It’s all just a bleeding-heart handout to the poors who don’t know the difference between “yea” and “yay,” who cling to a sense of the proliferation of the latter locution by “influencers” (and their confederates among the hoi polloi) as ego-preserving justification for their ignorance.
Oh, wait. You didn’t want a reasoned discussion about policy, personal responsibility, and whether and how the community might feel some kind of kinship to the downtrodden, did you? I mean, you posted it here and you appear to be less than stellar in your morality and intellect, so perhaps I unfairly jumped the gun.
47.4% of Medicaid and CHIP recipients are children you absolute pieces of human garbage.
Hey man. Maybe those “pieces of garbage” were just kindly figuring that if you take away benefits from adults who didn’t do the right thing in the first place when the child was conceived, ostracize them, and double down by calling them names publicly, those troubled souls would just straighten up and fly right and provide a better life for those kids.
Use your head. You’re talking to people who are street-smart, hard-headed pragmatists, not Ivory Tower Liberals with their pie-in-the sky ideals. They know those kids will be just fine as long as idiots like you finally come around to pulling the right lever in the booth each November. They know facts, and you follow your wimpy feelings.
And you better believe those Patriots have an outstanding answer for how they cast this as a situation where Medicare is for seniors but Medicaid is for goldbrickers (including, I’d have to imagine, the nearly 8 million Americans over 65 who are on Medicaid as well as developmentally disabled adults (remember that we’re pro-Life right up until the baby is born), those disabled in workplace accidents whose other compensation has not covered all expenses, an military vets under similar circumstances (I mean, PTSD, pfffft. Show us an effin wound).
47.4% of Medicaid and CHIP recipients are children you absolute pieces of human garbage.
So? Why should we subsidize unproductive and unintelligent members of society - women on welfare - to have kids? Give subsidies to more intelligent parents instead. The world would be a better place if Elon Musk or even just normal, upper-middle class families had 13 kids and women on welfare had one or none.
47.4% of Medicaid and CHIP recipients are children you absolute pieces of human garbage.

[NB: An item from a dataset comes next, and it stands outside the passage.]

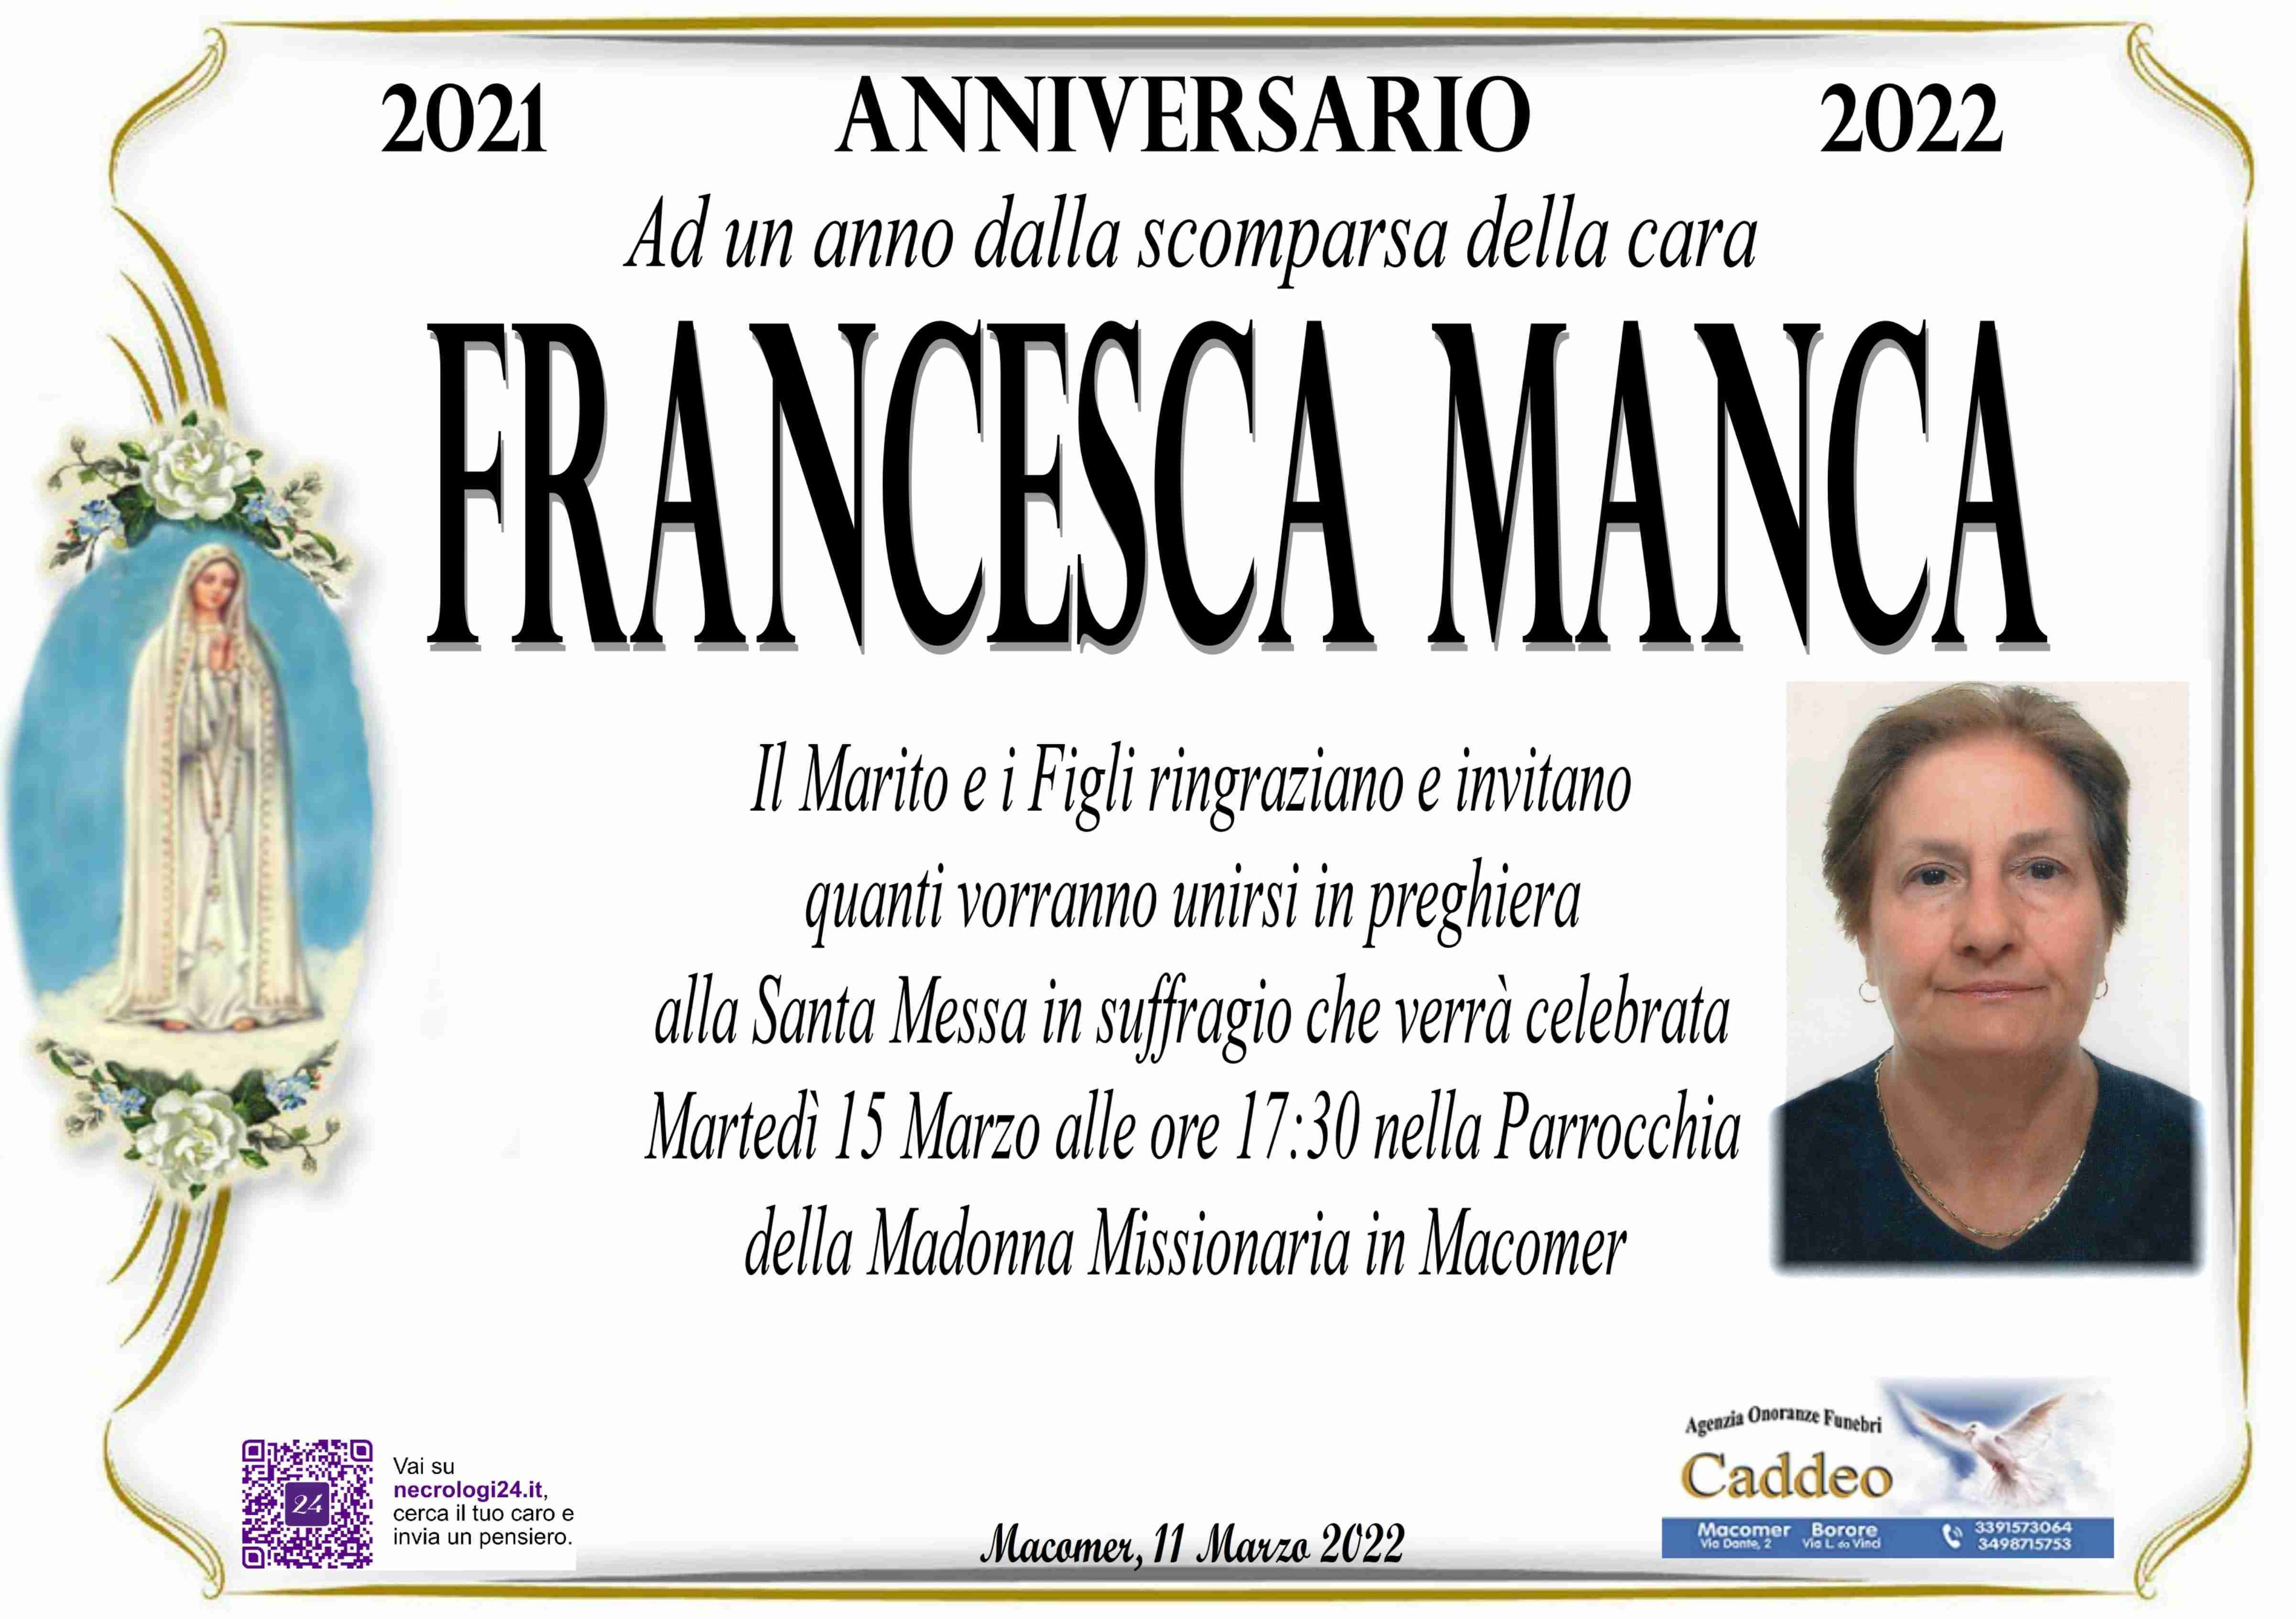 Francesca Manca
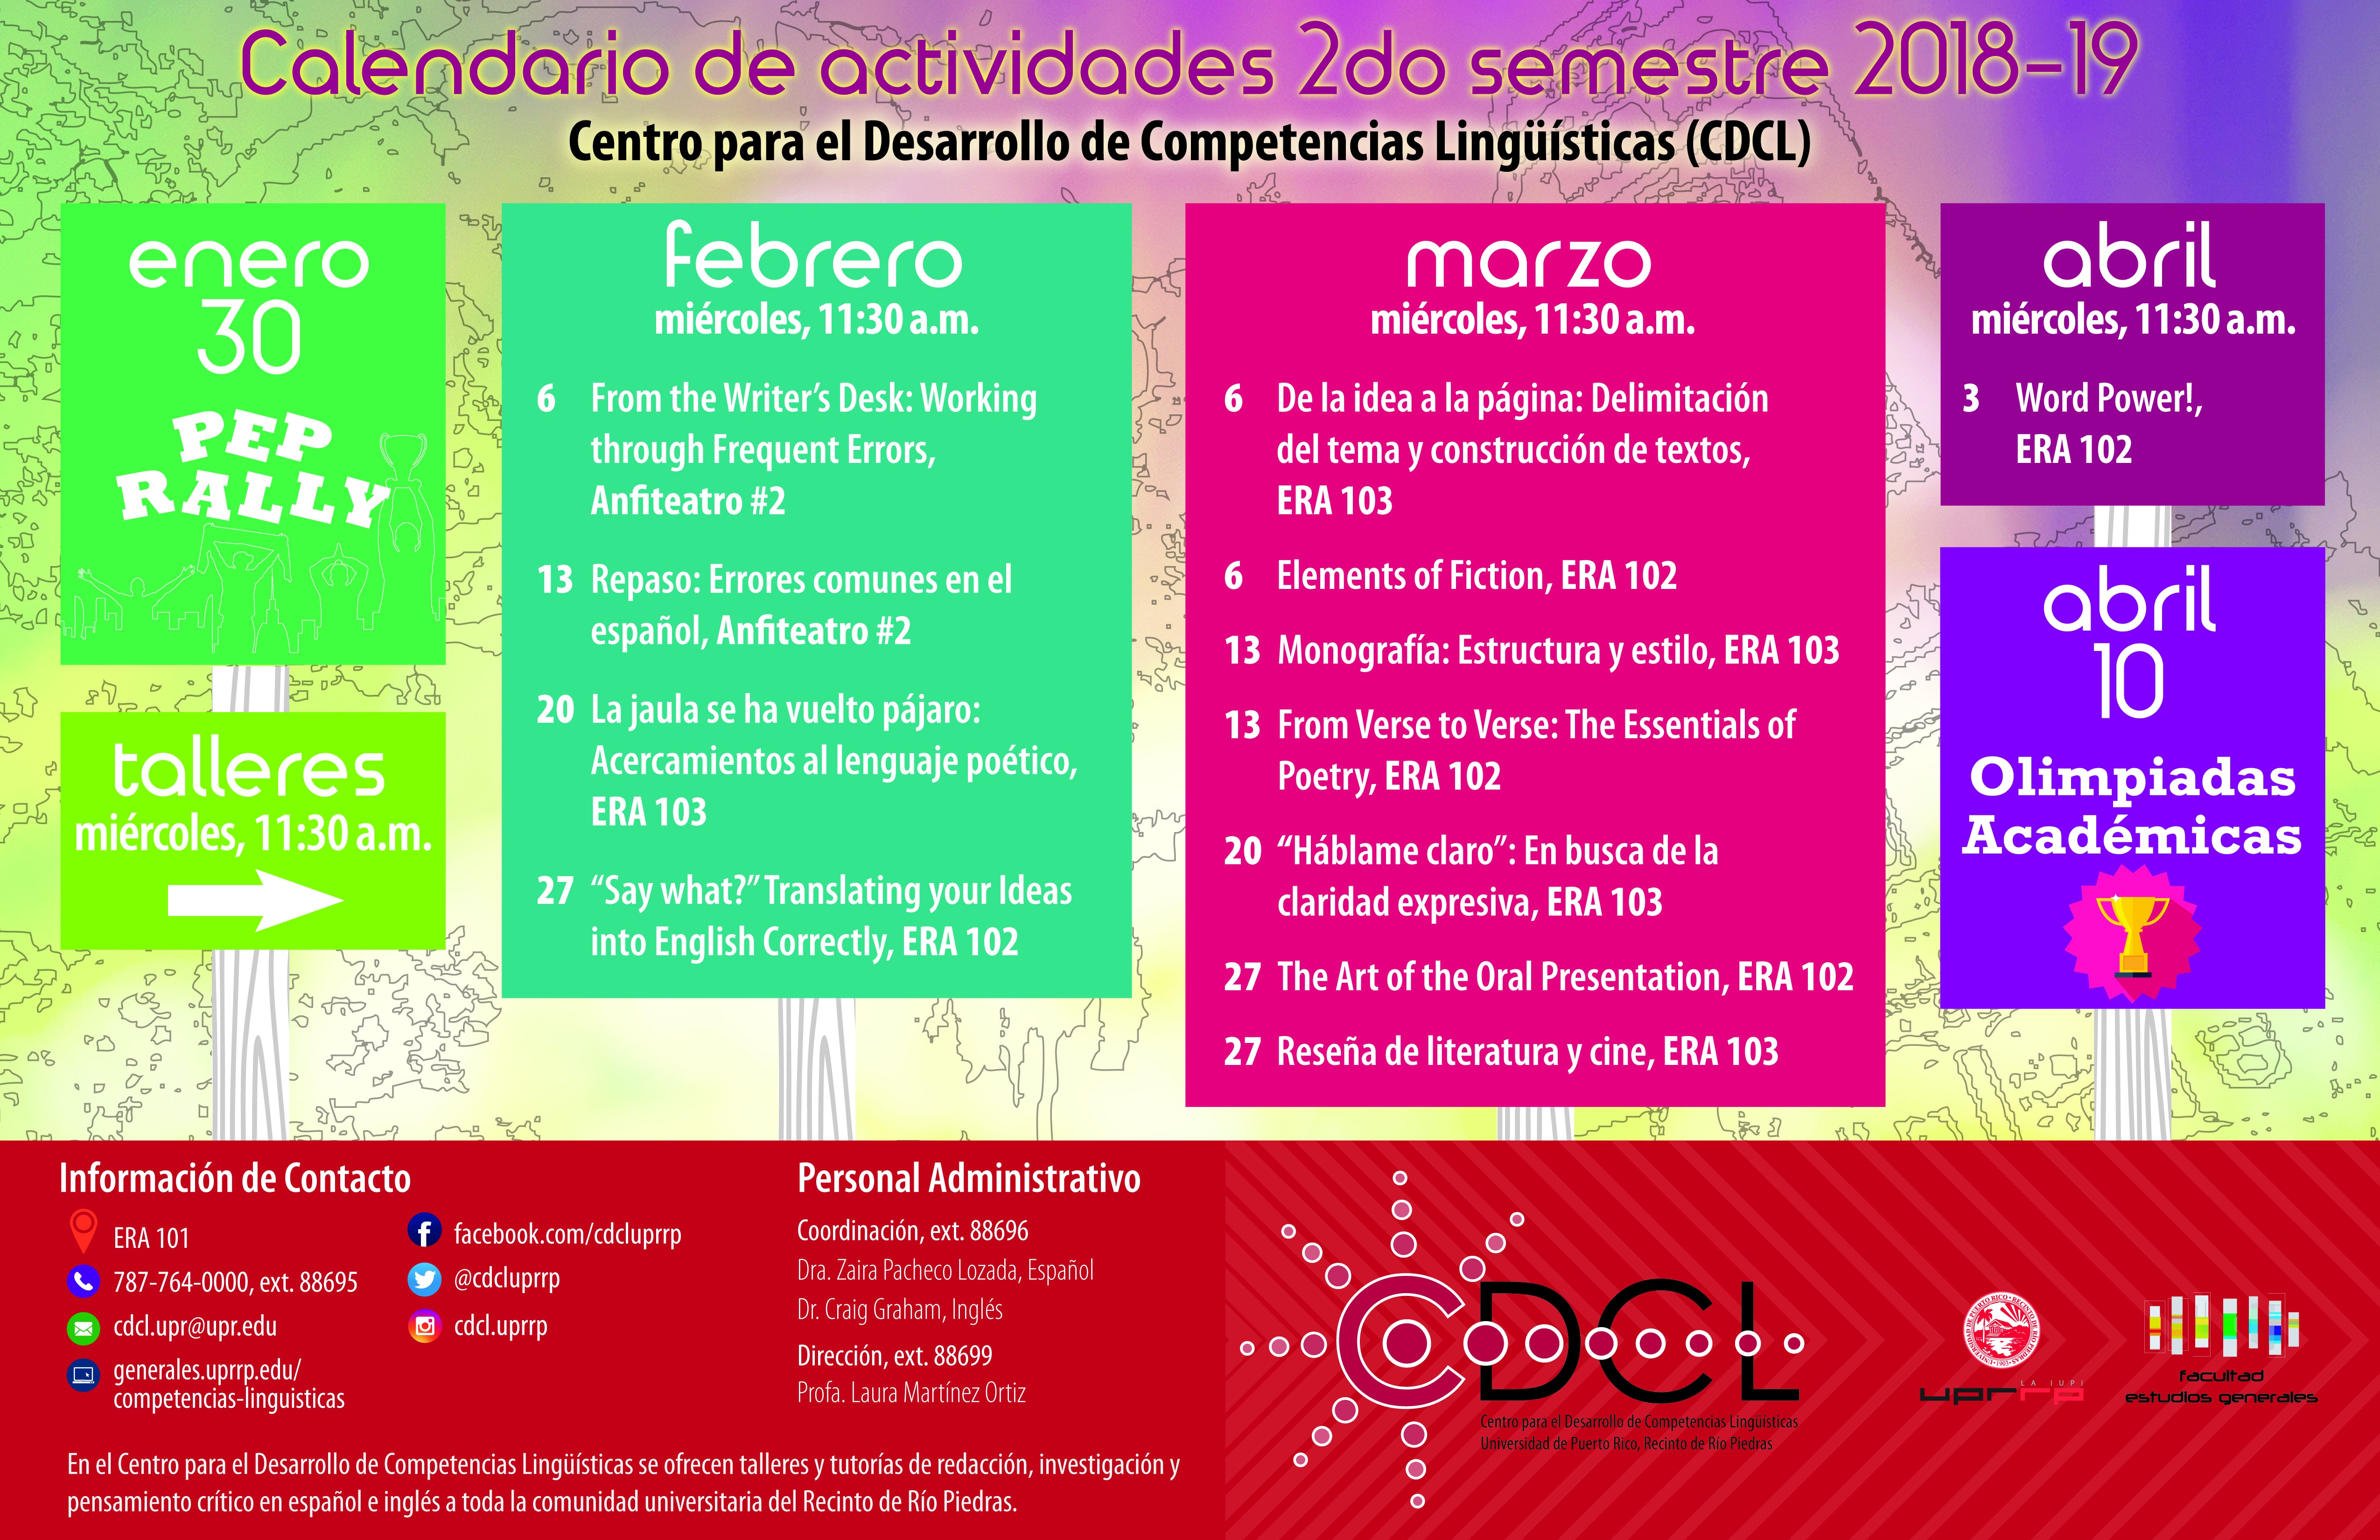 Calendario de actividades segundo semestre 2018-2019 del Centro para el Desarrollo de Competencias Liguisticas

So? Why should we subsidize unproductive and unintelligent members of society - women on welfare - to have kids? Give subsidies to more intelligent parents instead. The world would be a better place if Elon Musk or even just normal, upper-middle class families had 13 kids and women on welfare had one or none.
Likely an either-or fallacy, in spite of the reality of finite resources. Not every optimizati9n problem is a zero-sum game or something similar (in fact, very few are).
You a eugenics fan, too? Love you some Margaret Sanger? You been pushing at the state legislatures on that score? Crowdfunding for Planned Parenthood and hounding that org to move away from its general healthcare priorities and more toward the “get us some zygotes with a greater promise of productivity” tack?
Good to know no one on Letsrun has an elderly or disabled parent.
Alan
The elderly are covered by Medicare, not Medicaid.
About 17% of the elderly receive both Medicare and Medicaid benefits.
Social Security benefits have not kept up with inflation, and even if workers thought they had saved enough extra, the rising costs of basic health care and everything else make it difficult to survive for many older people.
Medicare is not free health care, and it does not cover all aspects of health care.
We should reverse many of the Biden and Obama era Medicaid expansions and reduce the subsidies for Obamacare to match the taxation expansions enacted to fund them. The combined programs were not designed with adequate funding mechanisms and should be adjusted accordingly. Even if you exclude the COVID expansion and subsequent rollback, Biden and Obama added 33.8 million Americans to Medicaid (a 71.6% expansion during which time the population only increased 11%). Annual Medicaid costs rose $472 billion between 2008 and 2022 (from $352 billion to $824 billion, a 134% increase). Obamacare subsidies add another $125 billion a year. So you have these two expensive programs costing about $600 billion extra per year over the 2008 baseline with maybe enough revenue from the enacted taxes to cover the subsidies, but nothing to cover the Medicaid expansion. Federal revenue is not the problem. Expenditures are the problem.